Monday, March 24, 2014

How about that
          I’m reading a thriller novel by a much-awarded and popular author, and the story is, as usual for him, fresh and absorbing.  But the narrative is heavily overloaded with thats.  So much so, they’re intruding on the story, jarring me out of the fictional construction this author has otherwise so cleverly built, whenever I stumble over yet another that.
“. . . I didn’t think that I had ever . . .”
“. . . meaning that she also had . . .”
“. . . not that I thought that they’d go . . .”
“. . . if I believed that that was the answer . . .”
          On some pages there are ten or a dozen thats.  And that’s just far too many thats.  In almost all of these instances, the that could have simply been deleted, thus streamlining and speeding up the narrative.  (Try cutting the thats in each of the above examples.  In the third and fourth examples, at least one that can be struck without compromising clarity.)

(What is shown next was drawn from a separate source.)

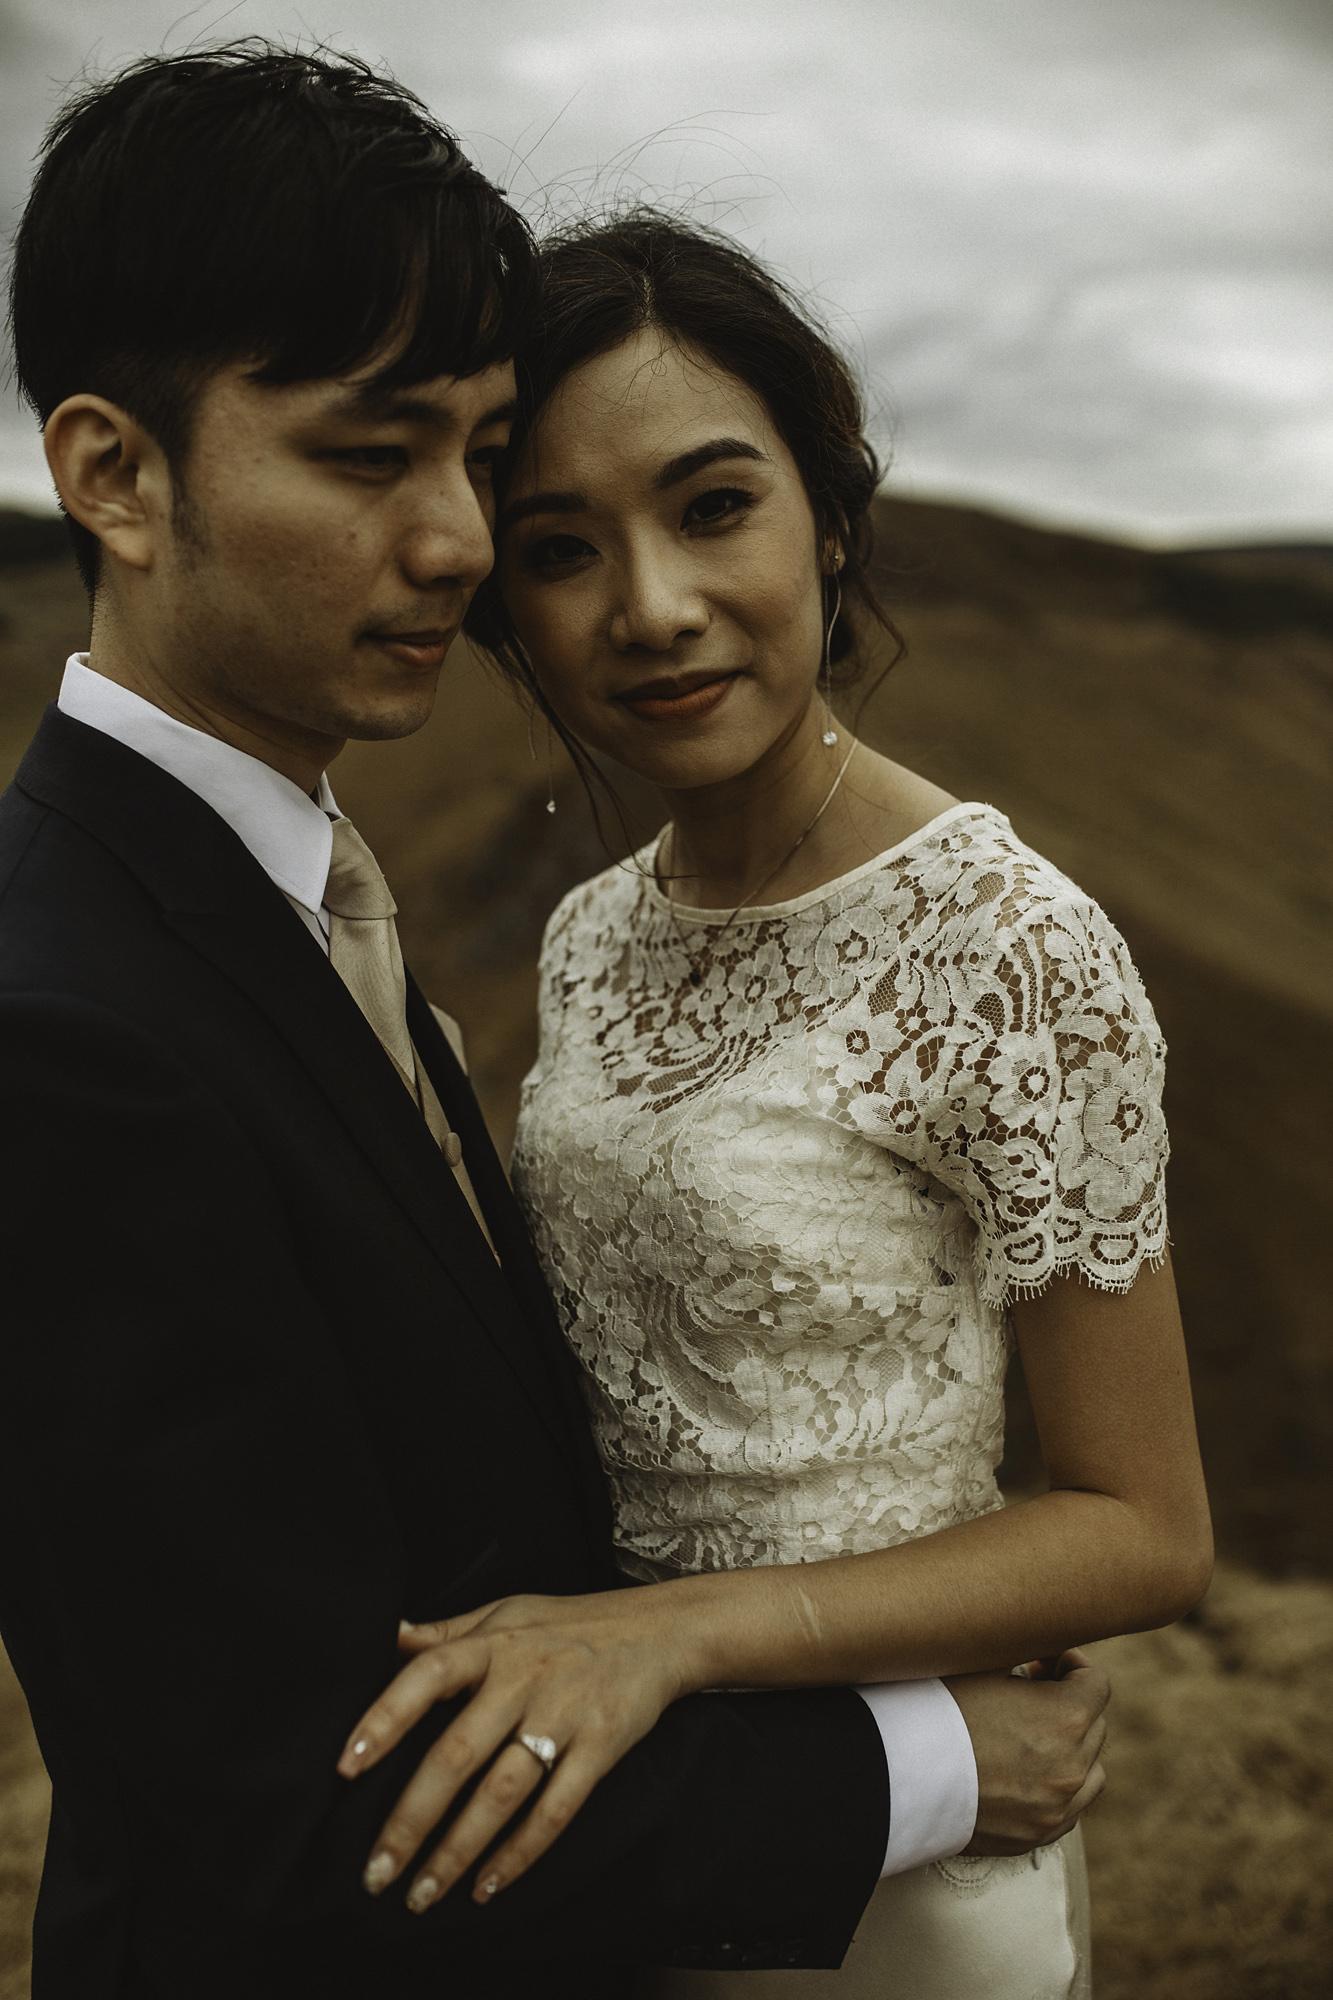 Kate-Beaumont-Wedding-Dress-Bridal-Separates-Peak-District-Shoot-9.jpg

          Yet I’ve often found myself guilty of this same infraction, of getting so enamored by a certain word I’ll use it repeatedly throughout a manuscript, or three or four times in succession within a few pages.  We do this unconsciously, and so it’s hard to correct, even with thorough self-editing. 
          It’s one good reason to have every manuscript line-edited by someone experienced at spotting word over-usage, among the many other technical misdemeanors most of us don’t even realize we’re committing.
          Think about people who say “you know” or “like” thirty or forty times in every conversation.
          It’s, like, tedious at best, you know?